When envisioning robot assistants of the future helping people around the house or in factories, they work as a team with their human partners as fluidly as if they were another person. Since the key to good teamwork is always good communication, we need a way to seamlessly convey desired goals and commands to our robot helpers. Moving towards such a goal, this project looks at the person's muscle activity to inform the robot about how it should move to best assist the person while they collaborate. By using the muscles already involved in performing the task, the robot could almost become like an extension of yourself that can be controlled intuitively.
This represents a step towards building a vocabulary for communicating with a robot assistant in a more natural way. As we continue to enrich this vocabulary, adding more continuous motion estimation as well as more gestures, the human and robot can accomplish more complex manipulations.

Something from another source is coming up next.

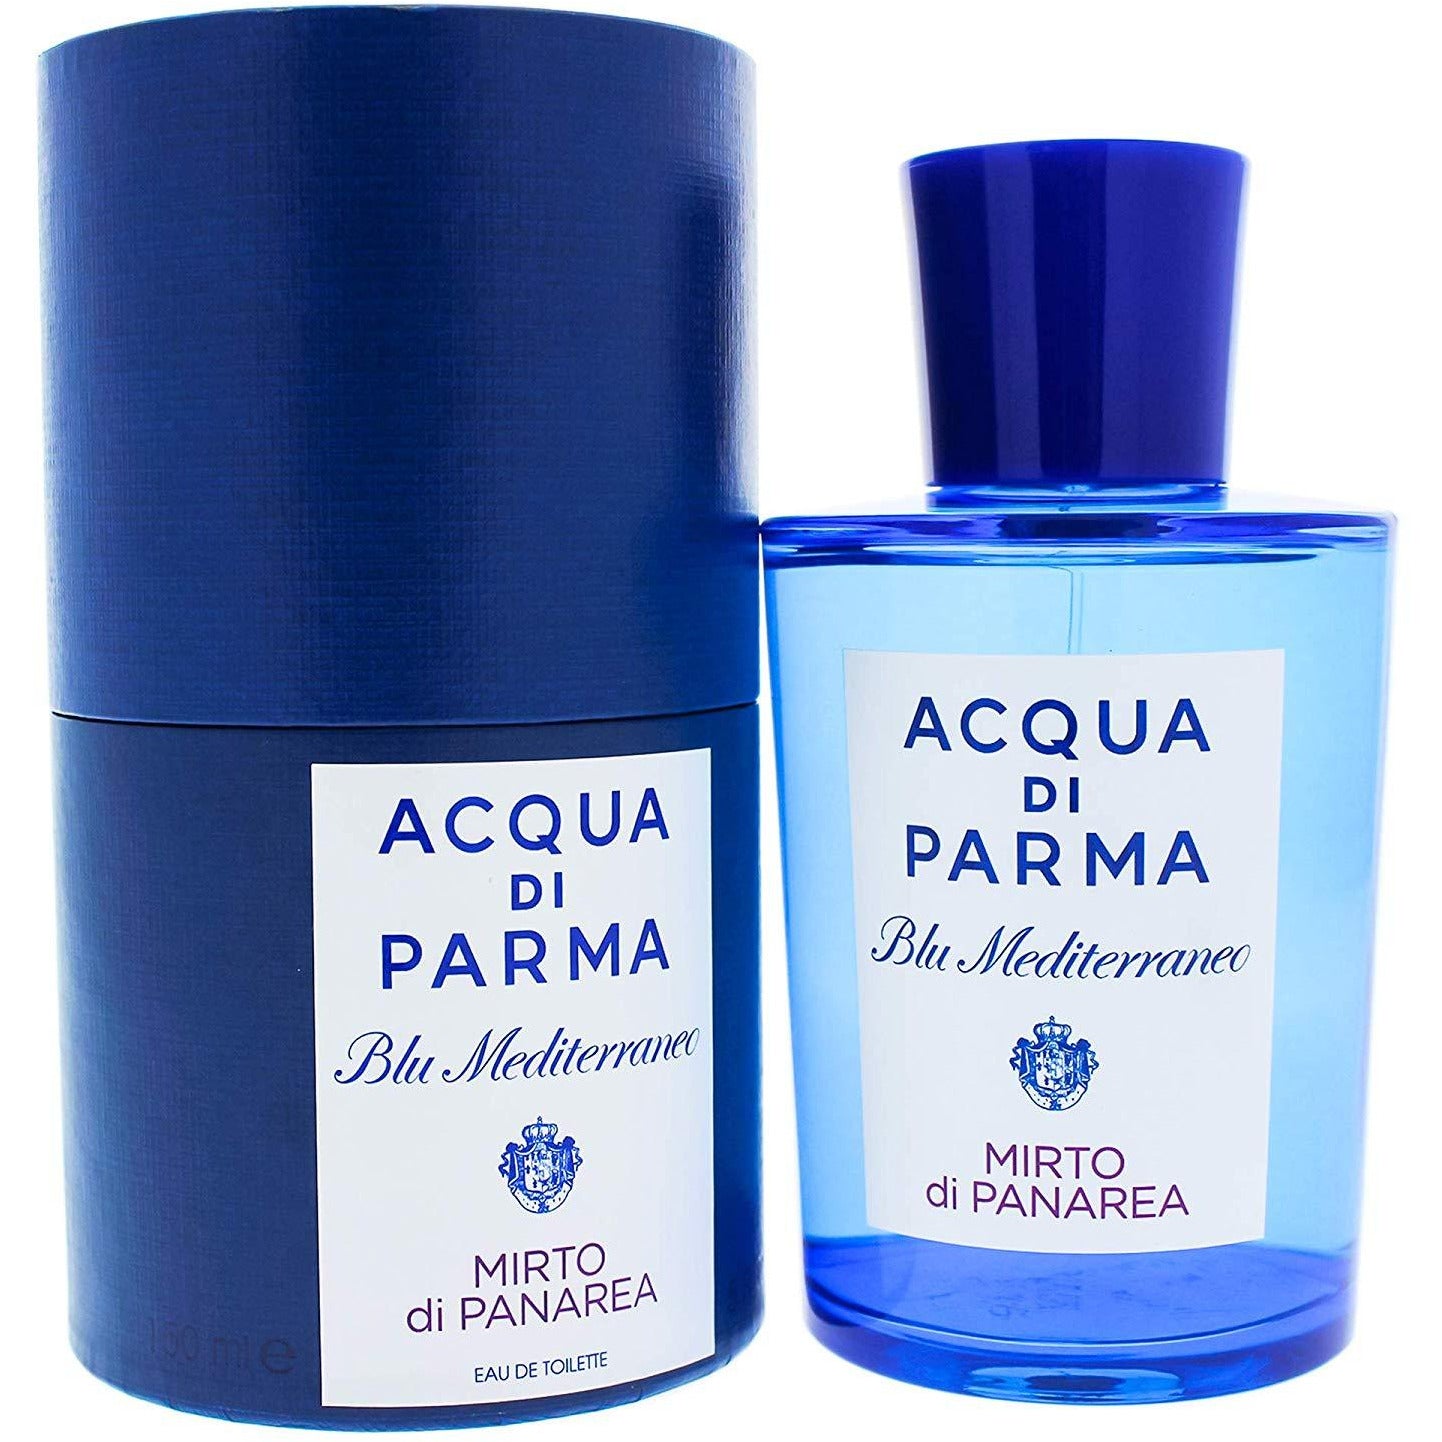 perfume acqua di parma blu mediterraneo mirto panaera

The system monitors biceps and triceps activity using non-invasive EMG sensors. By processing the biceps activity, it can roughly estimate when the person moves their hand up or down so the robot can roughly follow their motions. The person can then tense or relax their arm to control the robot without moving their own hand. In addition, they can make small up or down gestures for finer control over the robot. So rather than model the muscles, limbs, and task to accurately determining the person's pose and infer what the robot should do to help, the system puts the person in command to let them guide the joint behavior and accomplish the task.
MIT News article
Publication at the ICRA 2019 conference
Seamless communication of desired motions and goals is essential for enabling effective physical human-robot collaboration. In such cases, muscle activity measured via surface electromyography (EMG) can provide insight into a person's intentions while minimally distracting from the task. The presented system uses two muscle signals to create a control framework for team lifting tasks in which a human and robot lift an object together. A continuous setpoint algorithm uses biceps activity to estimate changes in the user's hand height, and also allows the user to explicitly adjust the robot by stiffening or relaxing their arm. In addition to this pipeline, a neural network trained only on previous users classifies biceps and triceps activity to detect up or down gestures on a rolling basis; this enables finer control over the robot and expands the feasible workspace. The resulting system is evaluated by 10 untrained subjects performing a variety of team lifting and assembly tasks with rigid and flexible objects.